Rachy, sorry to hear you have had your fears confirmed.....its such a blow isnt it even if you're half expecting it. We have all been in that dark place many times but try and rest, give yourself time to adjust and by then hopefully a treatment plan will be underway. Easier said than done but stay strong.Let s know how things go. x
So sorry you've had your fears confirmed and it must be frustrating that the experts seem baffled. I don't really understand why they are looking for a primary though? I had a 12 year gap before SBC dx so my original tumour was well and truly gone!
Hope they can sort you out with a treatment plan soon. Be very kind to yourself in the meantime and try to take it one day at a time.
Good luck Rachy!
Stresshead I have not had carboplatin. I'm going to Google it to see what I find. FF
Hi funny face...this isnt the first time i have ben told i can have so many cycles and others have said differently.Apparently its due to the toxicity (my paltelets were so low this time i had to have a redced dose) and he seems keen to let me have a rest from chemo's (althogh i feel ok at the moment). This worries me because if the disease spreads its then too late...i would have thought prevention was better than 'cure' as they say.... Have you or anyone else been on carboplatin indefinitely?
I have noted down the treatments you have had as there are a few i've not visited yet.
I am seeing another onc in london on wednesday so will be asking the questions you've raised.
Stresshead, Why can you only have one more round of chemo? My oncologist gives me each chemo until it stops working of unless I'm having a problem with it. This is my list of treatments Lupton injections 4 months (didnt work at all ), Abraxane/avastin combo 6 months (was beating me up so we stopped it but can return to it bc it was still working when we stopped, vinorelbine (navelbine) 5+ years, xeloda (capacitabine) 2+ years, gemcitabine 10 months (toxic reaction), currently letrozole and ibrance (palbociclib) so far 11 months. What treatment are you on?
Rachy, That was my goal, to give you some hope! My oncologist had told me I had about 2 years. Glad I v e proved him wrong. I did have 2 set backs. Back in 2012 I had to have radiation to she h k a tumor that was closing off the brohncus to my right lung. The upper and middle lobe had collapsed in my right lung. I landed in the hospital and ended up in O2! I came home and used the incentive spirometer about 10x a day. I was told by the pulmonologist that it wouldn't help. A respiratory therapists said it could and I had read on line that it could. After about 2 months my lung reinflated and I was able to come off O2! My onc later told me he had thought that was the end for me. Then last summer I had toxic reaction to gemcitabine and needed O2 again. That healed and I giot rid of O2 again. I also developed a condition called ground glass opacity, lungs look like they have glass all through them. This has a poor prognosis, well my current chemo cleared if up. So, don't give up!
Hi rachy, sorry you have had to join us.
I apparently dont have lung mets but have them in the pleura (outside lining), which i am told is different??
I had 2 pleural effusions and could barely breathe. Am much better at the moment bt not sure if its the 'lung' treatment working or the chemo. I can only have one more cycle so am getting a bit scared.
I only went 2 1/2 yrs between primary and secondary and i really dont know which is worse....i just wish none of us had to go throough it. Take on board all the advice given by these wonderul ladies and nver give up hope. Rant and rave on here as much as you like....we all ubnderstand.

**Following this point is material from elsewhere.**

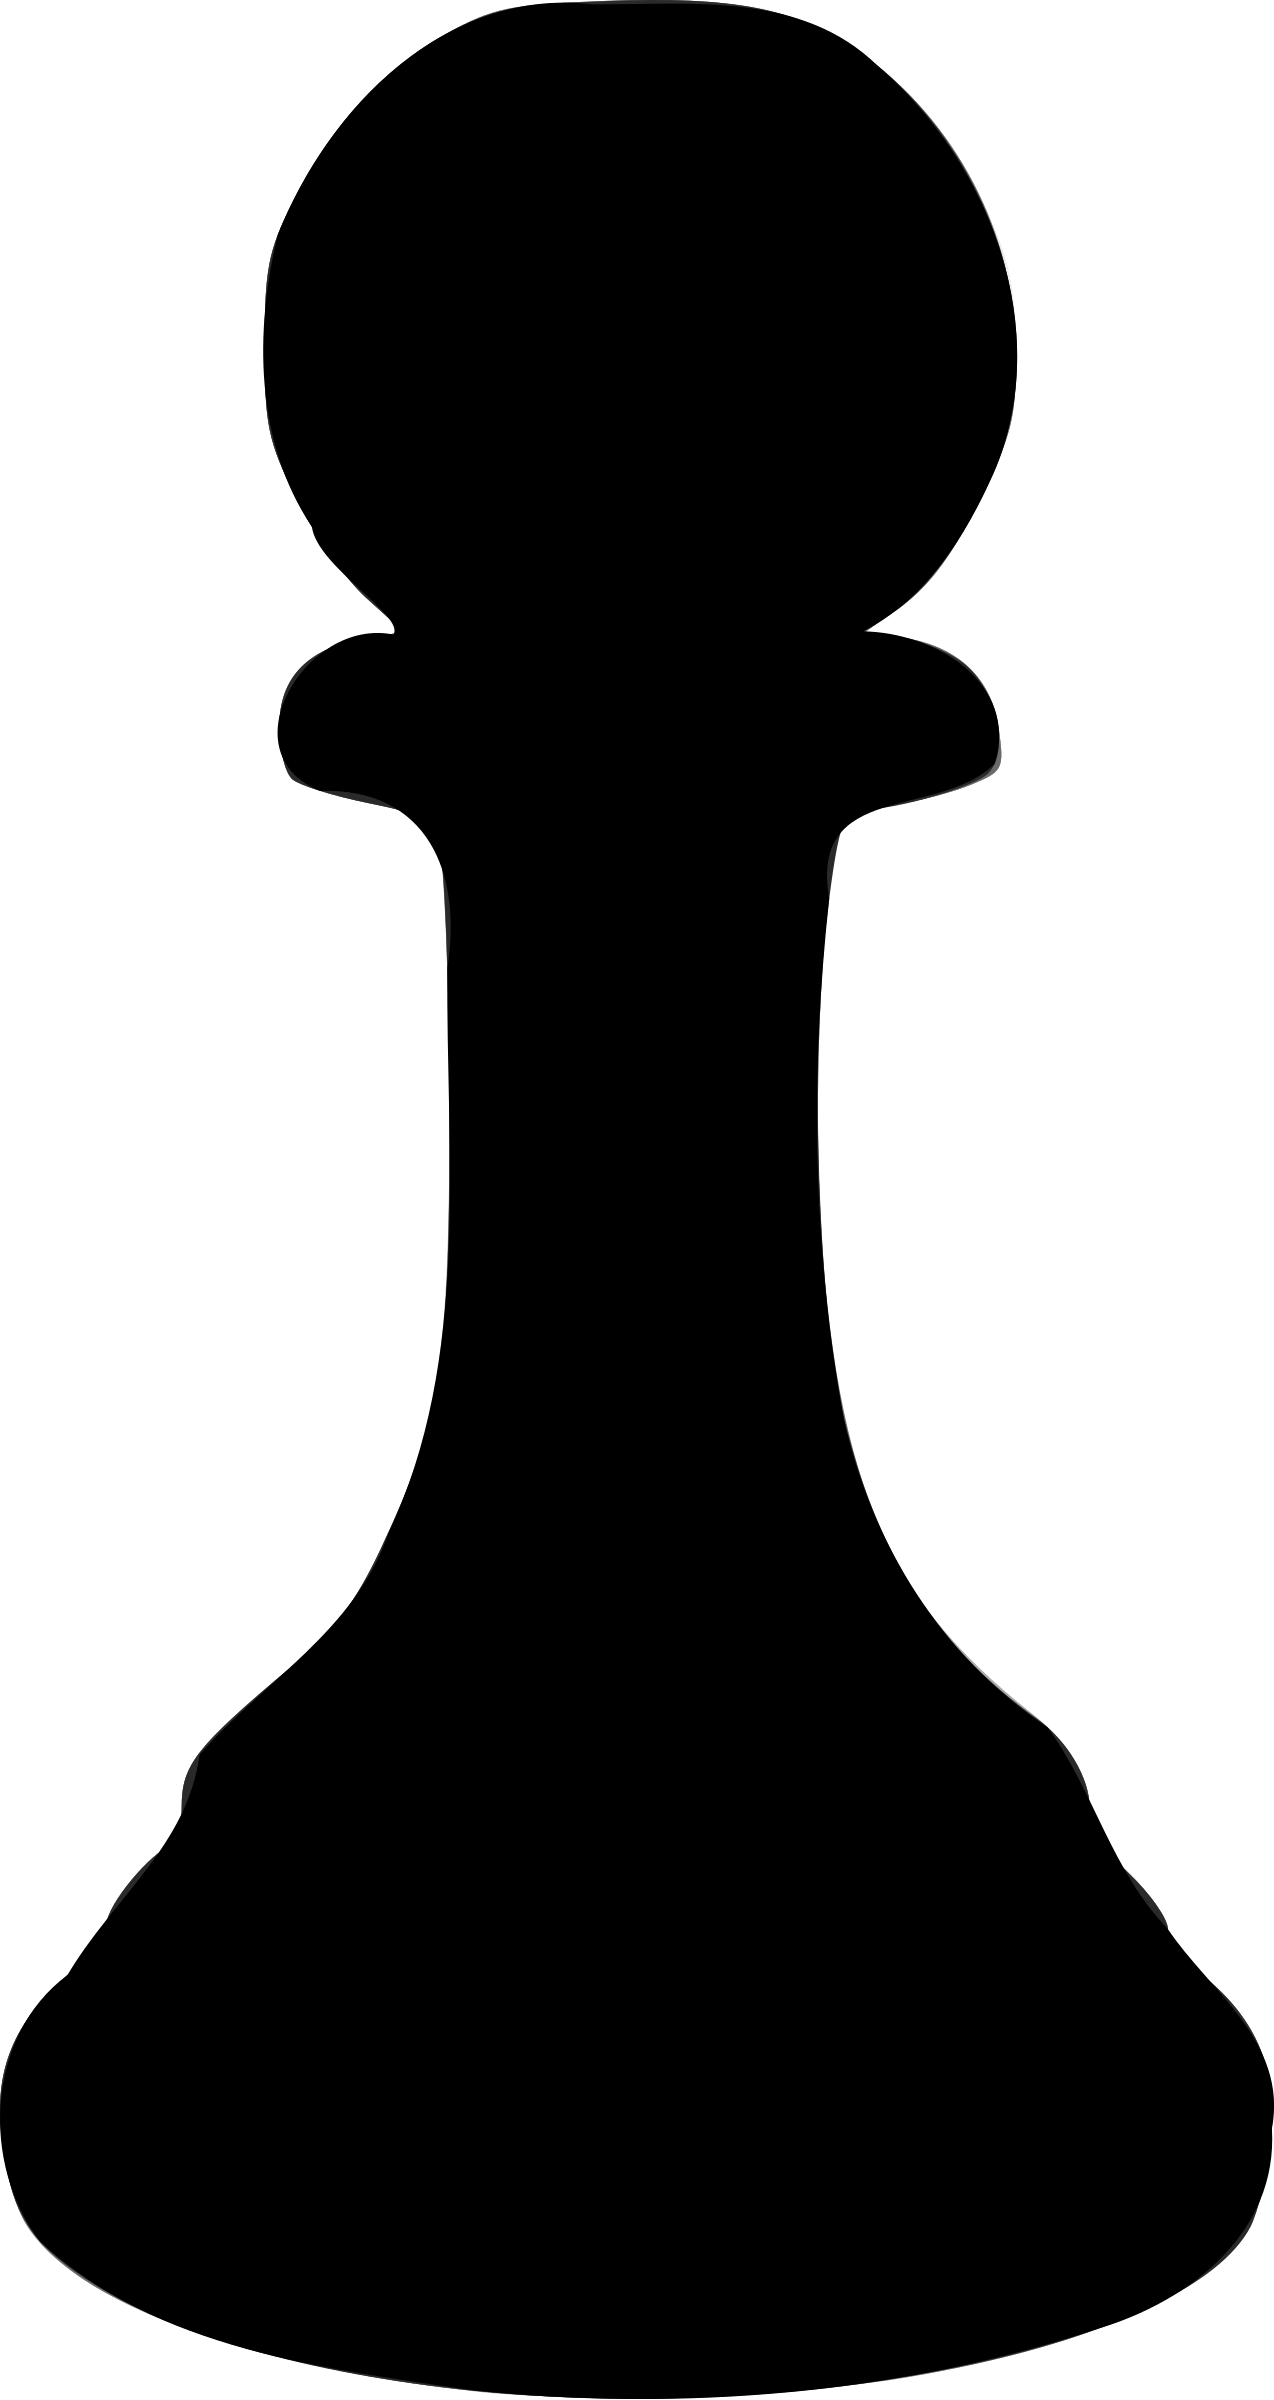 Silhouette of a pawn chess piece Royalty Free Vector Image

Funnyface...thanks for telling us about your 'time span'...you give us all hope.xx
Rachey, I went 10 years before my lung mets were discovered. I have had my lung mets 10 1/2 years. I hope you get many good years too! FF
Sorry to hear what you are going through.
I was in a similar position last October, albeit with a 12 year gap between primary and secondaries. Please believe me when I say it will get a bit easier as time goes on. In the meantime, as Carolyn says, everyone on the forum will support you.

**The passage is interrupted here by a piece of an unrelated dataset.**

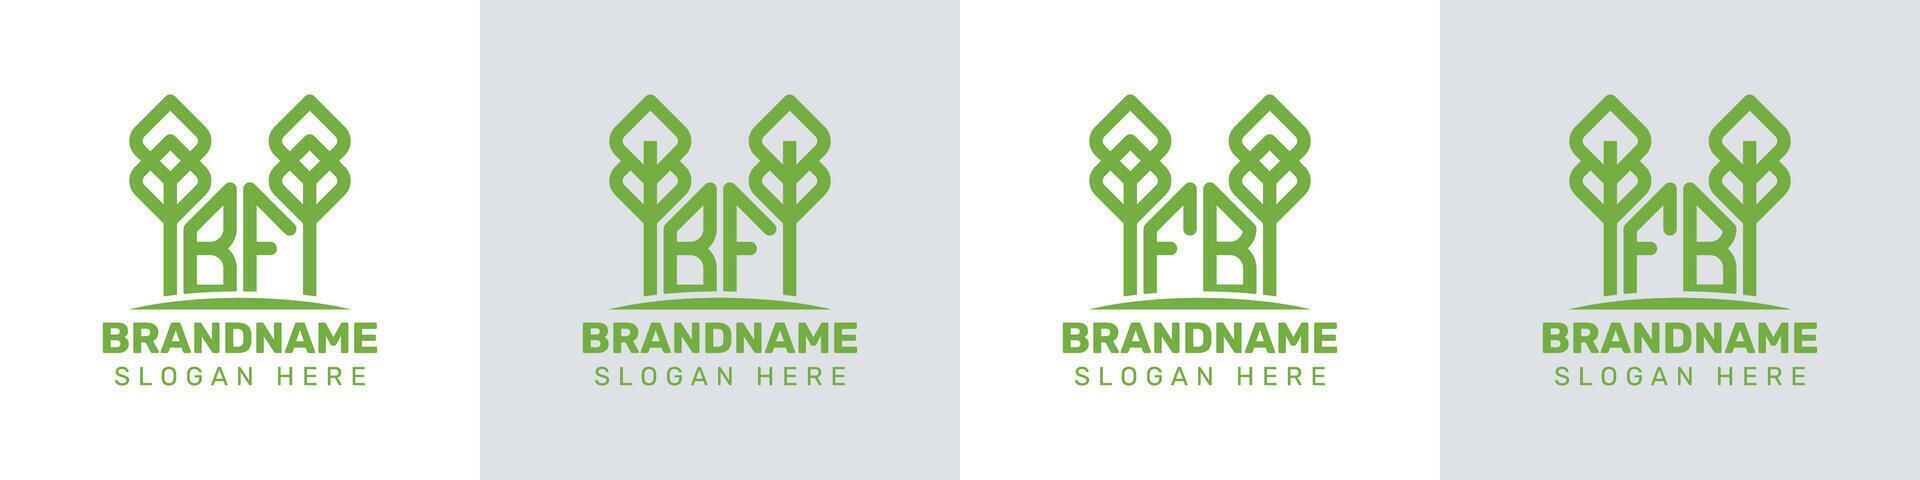 Letters BF and FB Greenhouse Logo, for business related to plant with BF or FB initials vector

Things I wish I'd known at the start:
* It's not curable but you don't have to start planning your funeral yet! There are ladies on here who have lived with SBC for years and the treatments are getting better
* you will feel much more in control when you've seen the onc and got a treatment plan
* some hospitals have specialist SBC Nurses - worth asking if yours has one
In terms of where I am now, I'm currently on hormone treatment and it's keeping the cancer at bay. The largest nodules in my lungs have shrunk and I'm no longer coughing or breathless. I would have found that hard to believe nine months ago.
Hang in there!
Hi, I had primary breast cancer in 2008 grade 3 stage 2 IDC and had chemo, rads and hormone treatment. I recently had a scan for an unrelated condition and lung lesions were found. After a CT scan, multiply lung nodules were discovered. An urgent oncology appointment has been sent to me and my gp is pretty sure it is secondaries. I visited her today and she said cancer is the number one cause due to the look of the ct scan. I am devastated and know the onc will confirm this. My husband knows about the possibility of cancer but I now have to tell him that this disease will eventually kill me and cannot be cured. I hope treatment may give me as much time as possible. I still cannot get my head round this and feel desperate.